Alvo de operação, empresário é preso por cárcere e tráfico em clínica

Cesta de medicamentos utilizada em clínica autuada na Operação Cura Terapêutica. (Foto: Reprodução processual) O empresário preso nesta terça-feira (18), em Glória de Dourados, foi acusado de manter um paciente contra a vontade em uma clínica e de ter estoque irregular de medicamentos controlados. A Polícia Civil enquadrou os dois fatos como cárcere privado e tráfico...


Cesta de medicamentos utilizada em clínica autuada na Operação Cura Terapêutica. (Foto: Reprodução processual)

O empresário preso nesta terça-feira (18), em Glória de Dourados, foi acusado de manter um paciente contra a vontade em uma clínica e de ter estoque irregular de medicamentos controlados. A Polícia Civil enquadrou os dois fatos como cárcere privado e tráfico de drogas. Fábio Garcia do Amaral, de 45 anos, foi detido durante buscas na Clínica Vila Bethânia.

Empresário Fábio Garcia do Amaral, de 45 anos, foi preso em Glória de Dourados por cárcere privado e tráfico de drogas na Clínica Vila Bethânia. Um jovem de 22 anos relatou à Defensoria Pública que era mantido no local contra a vontade. A polícia também encontrou estoque irregular de psicotrópicos sem licença sanitária. A Operação Cura Terapêutica cumpriu 14 mandados em cinco cidades e bloqueou mais de R$ 1 milhão em bens.

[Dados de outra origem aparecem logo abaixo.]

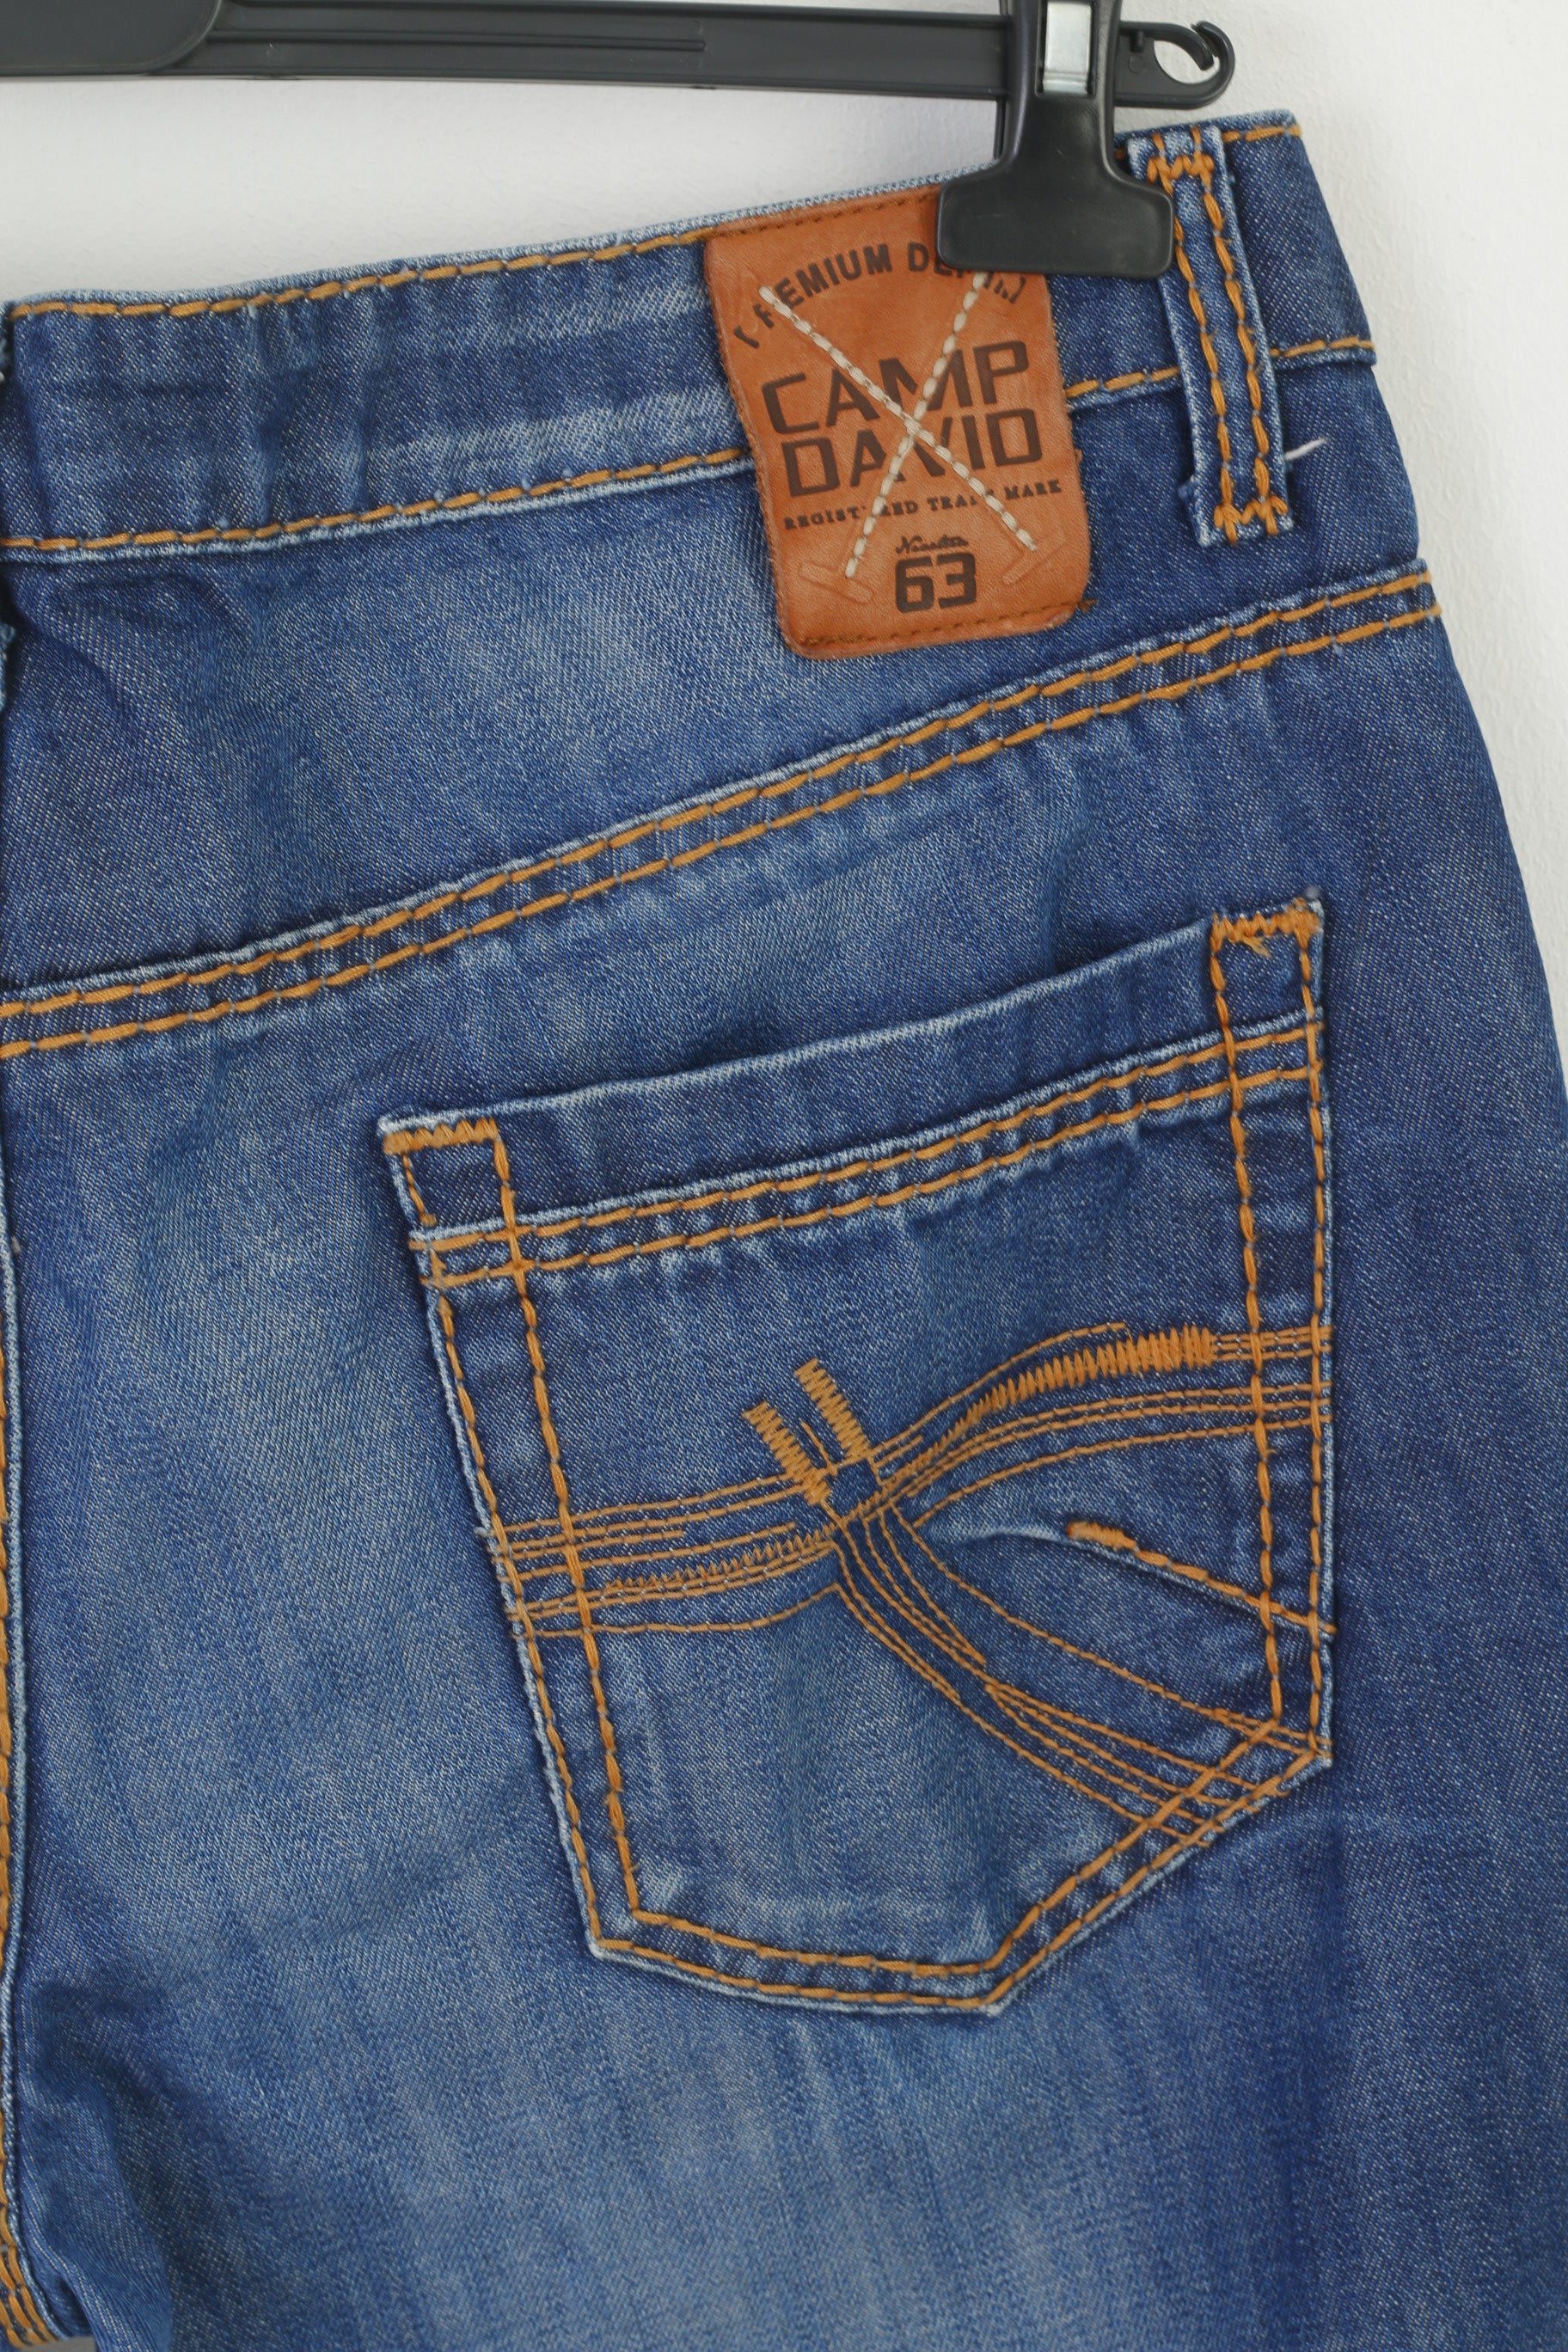 Camp David Men 36 Jeans Navy Trousers – Clothes Leg Denim Long Retrospect P Cotton Straight

A documentação obtida pelo Campo Grande News esclarece o motivo da prisão, informada mais cedo durante a operação. O auto registra Fábio e Marcos Pereira de Matos, de 48 anos, pelas mesmas duas acusações.

A acusação de cárcere surgiu durante entrevista da Defensoria Pública com um jovem, de 22 anos. Ele afirmou que permanecia na Vila Bethânia contra a vontade, não tinha autorização para deixar o estabelecimento e enfrentava dificuldades para falar com familiares. Ele pediu para continuar o relato em uma sala reservada.

O rapaz contou que passou cerca de dois anos ligado à outra clínica, em Fátima do Sul, e depois foi transferido para a Vila Bethânia. Durante o período de ressocialização, a família alugou e mobiliou um apartamento para que ele morasse fora da unidade. Ele também trabalhava como estagiário para a clínica sem receber pagamento.

Segundo o relato, uma recaída no uso de drogas levou Fábio e Marcos ao apartamento para exigir seu retorno. O jovem afirmou que os dois tentavam convencê-lo a permanecer na instituição sempre que ele manifestava intenção de sair. Em algumas dessas ocasiões, segundo o jovem, ele era obrigado a tomar medicamentos.

Já a acusação de tráfico decorreu dos medicamentos encontrados na Vila Bethânia. A fiscalização localizou um estoque de psicotrópicos sujeitos a controle especial, entre eles alprazolam, clonazepam, diazepam, estazolam e midazolam. A clínica não tinha licença sanitária necessária para guardar, utilizar e administrar esses produtos.

Um fiscal relatou que alguns medicamentos eram restritos a unidades hospitalares e que não havia profissional de saúde de nível superior habilitado para aplicá-los. A fiscalização apontou risco de superdosagem e intoxicação, além da falta de estrutura para socorro imediato. Os responsáveis também não apresentaram documentação que comprovasse a origem regular dos remédios.

Entenda – A Operação Cura Terapêutica investiga empresas que prestavam serviços de internação de dependentes químicos custeados pelo Poder Público. Como o Campo Grande News mostrou mais cedo, foram cumpridos 14 mandados em Dourados, Fátima do Sul, Deodápolis, Glória de Dourados e Ponta Porã.

A Justiça também determinou o bloqueio de mais de R$ 1 milhão em bens e valores ligados à investigação.